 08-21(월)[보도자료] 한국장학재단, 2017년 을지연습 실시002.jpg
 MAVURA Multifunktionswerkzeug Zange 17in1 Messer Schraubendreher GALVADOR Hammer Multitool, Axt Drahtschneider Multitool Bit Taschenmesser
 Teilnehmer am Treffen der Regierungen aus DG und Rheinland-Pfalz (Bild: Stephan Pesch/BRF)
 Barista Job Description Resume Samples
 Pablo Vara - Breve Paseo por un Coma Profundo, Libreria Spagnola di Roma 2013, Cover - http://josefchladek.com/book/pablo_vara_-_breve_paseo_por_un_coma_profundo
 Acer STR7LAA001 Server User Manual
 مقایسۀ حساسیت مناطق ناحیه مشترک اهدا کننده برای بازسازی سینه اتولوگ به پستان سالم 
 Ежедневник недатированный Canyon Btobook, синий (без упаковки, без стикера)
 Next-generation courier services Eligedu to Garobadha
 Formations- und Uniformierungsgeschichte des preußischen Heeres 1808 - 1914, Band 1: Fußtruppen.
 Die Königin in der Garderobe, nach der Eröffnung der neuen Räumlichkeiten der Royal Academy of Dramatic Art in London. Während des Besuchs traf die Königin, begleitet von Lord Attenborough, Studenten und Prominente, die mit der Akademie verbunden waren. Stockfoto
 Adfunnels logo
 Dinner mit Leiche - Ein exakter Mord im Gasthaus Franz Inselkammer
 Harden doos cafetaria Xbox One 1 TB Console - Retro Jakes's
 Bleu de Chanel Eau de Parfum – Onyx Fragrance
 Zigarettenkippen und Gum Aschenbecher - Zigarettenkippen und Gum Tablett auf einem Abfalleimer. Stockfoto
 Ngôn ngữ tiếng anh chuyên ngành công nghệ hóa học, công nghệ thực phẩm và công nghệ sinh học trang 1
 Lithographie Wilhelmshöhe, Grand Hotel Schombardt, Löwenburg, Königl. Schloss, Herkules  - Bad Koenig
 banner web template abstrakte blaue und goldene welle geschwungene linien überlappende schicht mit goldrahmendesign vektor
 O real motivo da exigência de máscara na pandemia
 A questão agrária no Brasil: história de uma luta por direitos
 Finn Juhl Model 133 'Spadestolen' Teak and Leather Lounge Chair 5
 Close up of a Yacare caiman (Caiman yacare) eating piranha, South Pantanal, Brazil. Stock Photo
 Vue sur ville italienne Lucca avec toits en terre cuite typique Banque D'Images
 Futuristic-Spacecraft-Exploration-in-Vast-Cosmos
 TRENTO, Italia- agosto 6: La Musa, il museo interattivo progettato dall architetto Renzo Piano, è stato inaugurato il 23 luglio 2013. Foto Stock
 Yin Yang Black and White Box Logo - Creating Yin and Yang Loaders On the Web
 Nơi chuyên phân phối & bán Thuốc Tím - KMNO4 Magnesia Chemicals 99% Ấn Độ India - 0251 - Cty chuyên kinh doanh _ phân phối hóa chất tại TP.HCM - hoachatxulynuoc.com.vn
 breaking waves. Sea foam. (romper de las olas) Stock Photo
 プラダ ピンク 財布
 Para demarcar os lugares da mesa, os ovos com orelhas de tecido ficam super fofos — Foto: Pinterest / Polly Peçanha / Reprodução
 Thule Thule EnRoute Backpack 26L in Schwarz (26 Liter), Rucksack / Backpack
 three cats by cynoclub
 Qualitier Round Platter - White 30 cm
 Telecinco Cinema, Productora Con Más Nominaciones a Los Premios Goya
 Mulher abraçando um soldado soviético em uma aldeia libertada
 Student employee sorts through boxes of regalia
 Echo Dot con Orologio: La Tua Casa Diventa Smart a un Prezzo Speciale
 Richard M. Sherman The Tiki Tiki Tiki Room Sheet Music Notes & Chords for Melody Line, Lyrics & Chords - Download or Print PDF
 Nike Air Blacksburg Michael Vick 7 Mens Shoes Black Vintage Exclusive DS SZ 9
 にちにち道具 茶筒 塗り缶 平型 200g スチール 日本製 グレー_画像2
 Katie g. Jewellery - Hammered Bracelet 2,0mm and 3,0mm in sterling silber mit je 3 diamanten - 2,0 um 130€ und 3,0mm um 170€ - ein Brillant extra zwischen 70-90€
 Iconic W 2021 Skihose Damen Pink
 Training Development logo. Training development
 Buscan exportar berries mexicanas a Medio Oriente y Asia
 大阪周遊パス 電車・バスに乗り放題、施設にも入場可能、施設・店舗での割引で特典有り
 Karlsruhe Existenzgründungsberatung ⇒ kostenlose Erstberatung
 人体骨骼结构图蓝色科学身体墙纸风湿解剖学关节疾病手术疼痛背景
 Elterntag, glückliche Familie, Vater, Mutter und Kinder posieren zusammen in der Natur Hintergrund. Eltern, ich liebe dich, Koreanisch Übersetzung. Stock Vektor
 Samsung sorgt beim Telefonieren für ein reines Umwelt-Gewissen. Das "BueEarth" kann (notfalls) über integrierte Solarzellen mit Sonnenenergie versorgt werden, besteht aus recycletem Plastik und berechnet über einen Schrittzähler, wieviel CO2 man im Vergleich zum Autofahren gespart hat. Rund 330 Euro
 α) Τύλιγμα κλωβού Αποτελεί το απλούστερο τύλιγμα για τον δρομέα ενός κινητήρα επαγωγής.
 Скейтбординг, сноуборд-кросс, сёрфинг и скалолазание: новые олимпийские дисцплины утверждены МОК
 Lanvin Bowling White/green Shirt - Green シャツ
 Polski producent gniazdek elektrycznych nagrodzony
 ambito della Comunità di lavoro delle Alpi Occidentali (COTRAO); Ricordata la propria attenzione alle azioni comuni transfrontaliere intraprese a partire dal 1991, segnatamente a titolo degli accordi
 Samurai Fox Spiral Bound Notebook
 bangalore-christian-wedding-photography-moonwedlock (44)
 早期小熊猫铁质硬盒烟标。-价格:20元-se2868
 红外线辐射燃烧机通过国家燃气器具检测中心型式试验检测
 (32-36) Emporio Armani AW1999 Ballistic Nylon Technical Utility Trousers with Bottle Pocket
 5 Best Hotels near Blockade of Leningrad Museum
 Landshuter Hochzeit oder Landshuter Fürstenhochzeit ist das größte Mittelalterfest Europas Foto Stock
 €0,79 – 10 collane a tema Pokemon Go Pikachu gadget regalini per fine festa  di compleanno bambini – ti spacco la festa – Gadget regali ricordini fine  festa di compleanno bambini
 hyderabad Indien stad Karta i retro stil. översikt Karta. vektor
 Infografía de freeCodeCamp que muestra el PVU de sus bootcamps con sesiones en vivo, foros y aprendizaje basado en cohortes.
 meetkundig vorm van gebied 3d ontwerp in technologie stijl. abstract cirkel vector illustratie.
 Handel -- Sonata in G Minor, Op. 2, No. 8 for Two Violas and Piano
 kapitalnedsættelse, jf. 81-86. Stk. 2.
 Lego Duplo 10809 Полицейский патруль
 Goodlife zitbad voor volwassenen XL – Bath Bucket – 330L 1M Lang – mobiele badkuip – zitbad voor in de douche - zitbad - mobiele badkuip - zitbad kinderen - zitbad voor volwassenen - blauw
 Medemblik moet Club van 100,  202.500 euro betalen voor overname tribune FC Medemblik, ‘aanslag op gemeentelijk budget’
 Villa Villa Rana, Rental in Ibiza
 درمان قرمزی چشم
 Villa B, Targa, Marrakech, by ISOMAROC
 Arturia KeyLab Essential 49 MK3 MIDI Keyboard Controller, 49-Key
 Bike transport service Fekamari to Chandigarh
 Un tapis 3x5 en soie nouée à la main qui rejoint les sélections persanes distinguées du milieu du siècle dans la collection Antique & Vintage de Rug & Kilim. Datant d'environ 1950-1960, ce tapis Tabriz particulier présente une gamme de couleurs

|---|

- _What is expected_: Every line above from the line with "Samsung sorgt beim" to the line with "Polski producent gniazdek" is wanted, ends included; write them out exactly and add no other line.

- _Solution to the exercise_:
 Samsung sorgt beim Telefonieren für ein reines Umwelt-Gewissen. Das "BueEarth" kann (notfalls) über integrierte Solarzellen mit Sonnenenergie versorgt werden, besteht aus recycletem Plastik und berechnet über einen Schrittzähler, wieviel CO2 man im Vergleich zum Autofahren gespart hat. Rund 330 Euro
 α) Τύλιγμα κλωβού Αποτελεί το απλούστερο τύλιγμα για τον δρομέα ενός κινητήρα επαγωγής.
 Скейтбординг, сноуборд-кросс, сёрфинг и скалолазание: новые олимпийские дисцплины утверждены МОК
 Lanvin Bowling White/green Shirt - Green シャツ
 Polski producent gniazdek elektrycznych nagrodzony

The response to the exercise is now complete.